Methods and results: We performed genetic mapping of the key metabolite parameters, followed by mediation analyses of metabolites and genotypes on survival, and genetic pathway analyses. Patients with HFrEF (n = 1,003) in the Henry Ford Pharmacogenomic Registry (HFPGR; 500 self-reported Black/African race patients [AA], 503 self-reported White/European race patients [EA], and 249 deaths over a median of 2.7 years) with genome-wide genotyping and targeted metabolomic profiling of plasma were included. We tested genome-wide association (GWA) of single nucleotide polymorphisms (SNPs) with the prognostic metabolite profile (PMP) and its components; first stratified by race, and then combined via meta-analysis for the entire cohort. Seven independent loci were identified as GWA significant hits in AA patients (3 for PMP and 4 for individual metabolites), one of which was also significant in the entire cohort (rs944469). No genome wide significant hits were found in White/EA patients. Among these SNPs, only rs35792152, (a hit for 3.HBA) tended to be associated with mortality in standard survival analysis (HR = 1.436, p = 0.052). The mediation analyses indicated several significant associations between SNPs, metabolites, and mortality in AA patients. Functional annotation mapping (FUMA) implicated inflammation, DNA metabolic, and mRNA splicing processes.

Conclusions: GWAS of key metabolites and survival along with FUMA pathway analysis revealed new candidate genes which unveiled molecular pathways that contribute to HF disease progression via metabolic and energetic abnormalities.

Introduction

Heart failure (HF) is one of the most common, costly, and deadly diseases. According to the American Heart Association, there are almost 900,000 new cases annually in the U.S., an estimated prevalence of 5.7 million (1). HF remains high risk even in the setting of optimal guideline directed medical therapy (2, 3). Therefore, a deeper understanding of the residual HF disease burden and associated pathophysiology toward novel interventions is critically needed. Energetics, mitochondrial function, and substrate utilization are perturbed in HFrEF and likely contribute to disease progression (46). However, the pathways that remain incompletely understood and are not entirely related to the well-established neurohormonal abnormalities (7). Certain circulating metabolites are associated with HF disease progression and outcomes (811). Similarly, a validated multi-metabolite profile (13 metabolites, HR = 1.76) is an independent predictor of mortality in HFrEF patients. This supports the notion of a key role for energetic abnormalities in HFrEF and identifies these circulating metabolites as potentially valuable surrogate markers.

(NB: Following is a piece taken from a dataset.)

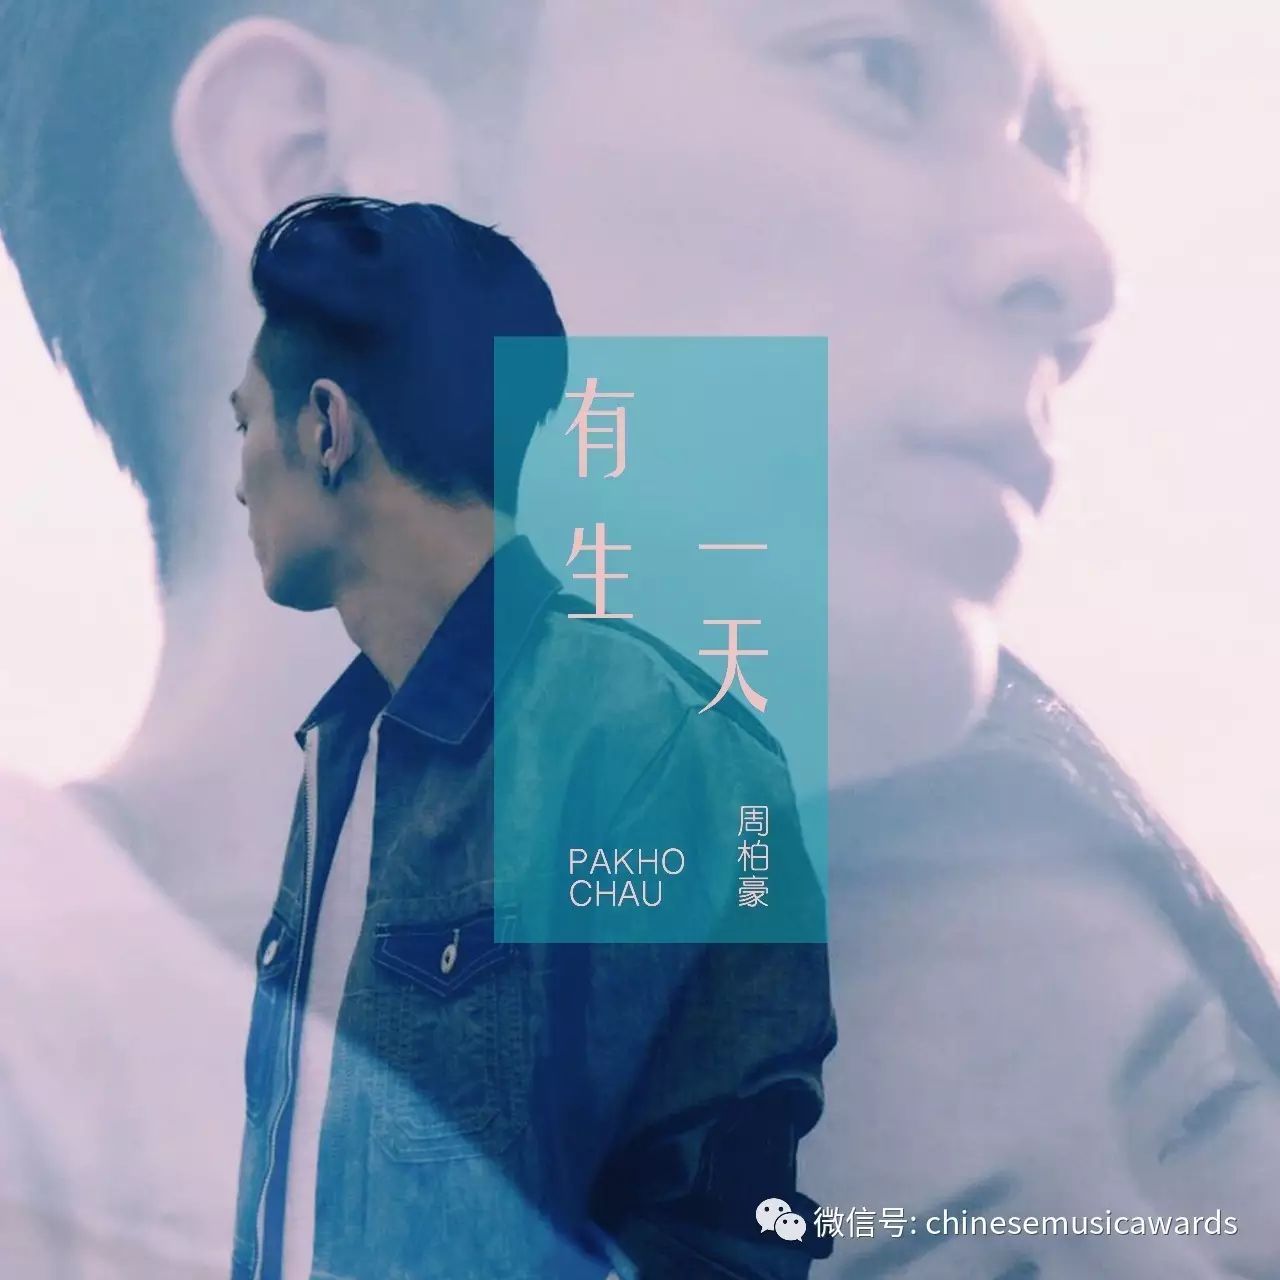 【榜单】华语金曲榜第245期 周柏豪《有生一天》冠军

While genome-wide association studies (GWAS) have illuminated disease mechanisms in many conditions, GWAS on clinical HF phenotype alone requires very large sample sizes and lacks a mechanistic focus, limiting downstream interpretation. On the other hand, GWAS power may be enhanced when focused on important mechanistic surrogates for the disease, sometimes termed “endophenotypes”. For example, this approach has been successful in asthma (12) identifying novel causative pathways for hay fever (13), and in Alzheimer's disease where it allowed identification of novel variants with increased Alzheimer's Disease (14). In the case of HF, there have been a few candidate genes discovered in large GWAS studies (15), and yet, this approach may not be sensitive. Relevant to this, metabolomics has proven to be an advantageous approach in obtaining unique insights about underlying disease states (1621). Data from both ours and other studies show that the plasma metabolite profile is associated with HF prognosis (21, 22). Hence, plasma metabolite levels in HF patients could be an attractive endophenotype to map in order to better understand the genetic and mechanistic underpinnings of HF progression.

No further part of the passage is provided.